心中的惴惴不安感越加強烈,但夏暉也心知此事需從長計議。
于是,他湊近了喬悅瑜,低語了一聲。
一愣之后,喬悅瑜點了點頭,隨后再端起了酒碗,意欲找人痛飲,卻又忽然一個顛動沒有站穩,重新坐倒在椅子上,手中酒碗脫手墜在桌上。
咚。
突如其來的聲響將周圍不少人目光吸引過來,卻見臉色微微脹紅的女子揮手道“我,我沒事,接著喝。”
說罷,她立刻再去端碗。
“夠了夠了,你今晚不能再喝了。”
夏暉一把按住喬悅瑜的手腕,搖了搖頭。
而后,他略帶歉意地看向其余數人,聳肩道“看來她是喝多了。對了,她房間被安置在哪里,我先送她回去,等一下再回來。”
“這個我們安排人去送就好,怎么能叫貴客親自送呢”
聞言,一名村民急忙搖手,卻是遭到了夏暉的否定。
“不行,還是我來吧。醉酒了的人身子最沉,她實力還不弱,而且一向酒品不好,萬一路上出了什么差錯,傷到了人,可就不好辦了。”
“那好,蝶兒,你去帶路。”
很快,一個扎著羊角辮的小女孩不甘不愿地走來,目光還在不斷偷瞄桌上的食物,當顯然是顧忌大人,不敢伸手去拿。
見狀,夏暉抓了一塊帶骨大肉放在小女孩手中,笑道“小妹妹,帶我們去地方,好嗎”
“嗯,好的。”
頓時,被稱為蝶兒的小女孩雙眼微瞇,面露喜色,雙手捧起肉骨頭,邊啃邊走。
而在她身后,攙扶著喬悅瑜的夏暉緩步走著,同時也在留意周圍,立刻察覺到了有人還在凝視自己,心中暗暗一笑后,加快了腳步。
片刻后,到達了房間門口,夏暉拍了拍蝶兒的腦袋,吩咐她等在外面后,就帶著喬悅瑜進了屋。

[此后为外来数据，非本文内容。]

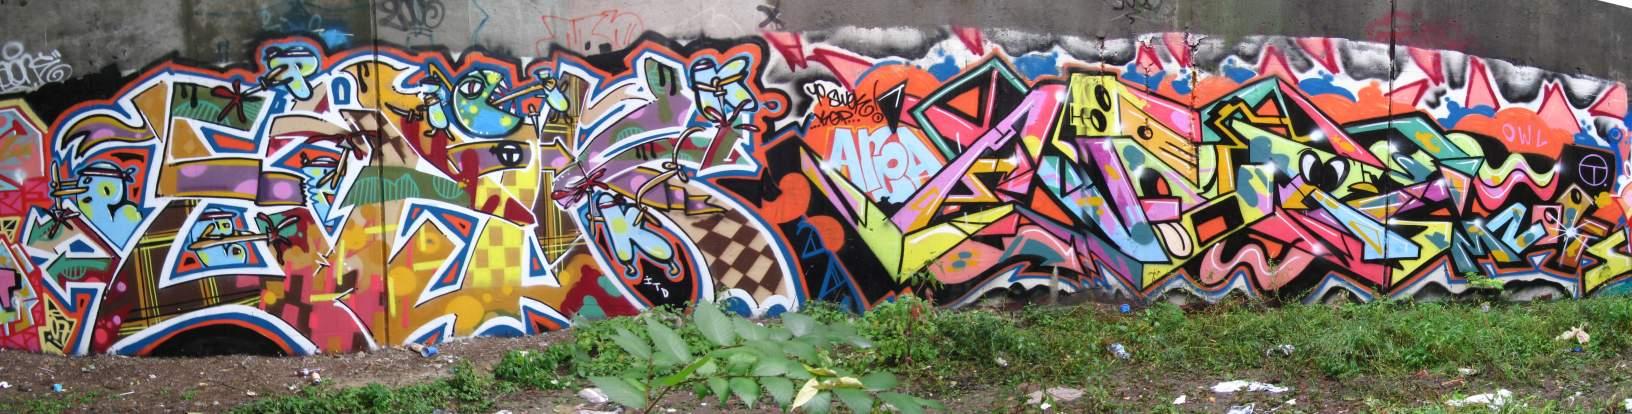 graf460946.jpg

一進屋子,喬悅瑜一改剛才的醉態模樣,眼中盡是清醒,卻又帶著一抹淡淡慍色。
“夏大哥,你剛才說我一向酒品不好,是什么意思”
“這不是找個借口嗎若是惹你不高興了,可以打我幾下出氣。”
夏暉攤了攤手,很是無奈。
聞言,喬悅瑜搖頭一笑,俏皮地吐了吐舌頭“開玩笑呢,怎么可能生你的氣。突然跟我說開始計劃,你是有新的打算了”
“是的。他們的那個祠堂很是古怪,我決定去探一探。”
“哦就是說,夏大哥還是好奇了”
夏暉如實答道“只能算一部分吧,因為那份古怪之下沒準隱藏著什么不可告人的陰暗秘密,而你又執意時不時在這邊待上許久。所以在我離開前,必須解決那個可能的隱患。”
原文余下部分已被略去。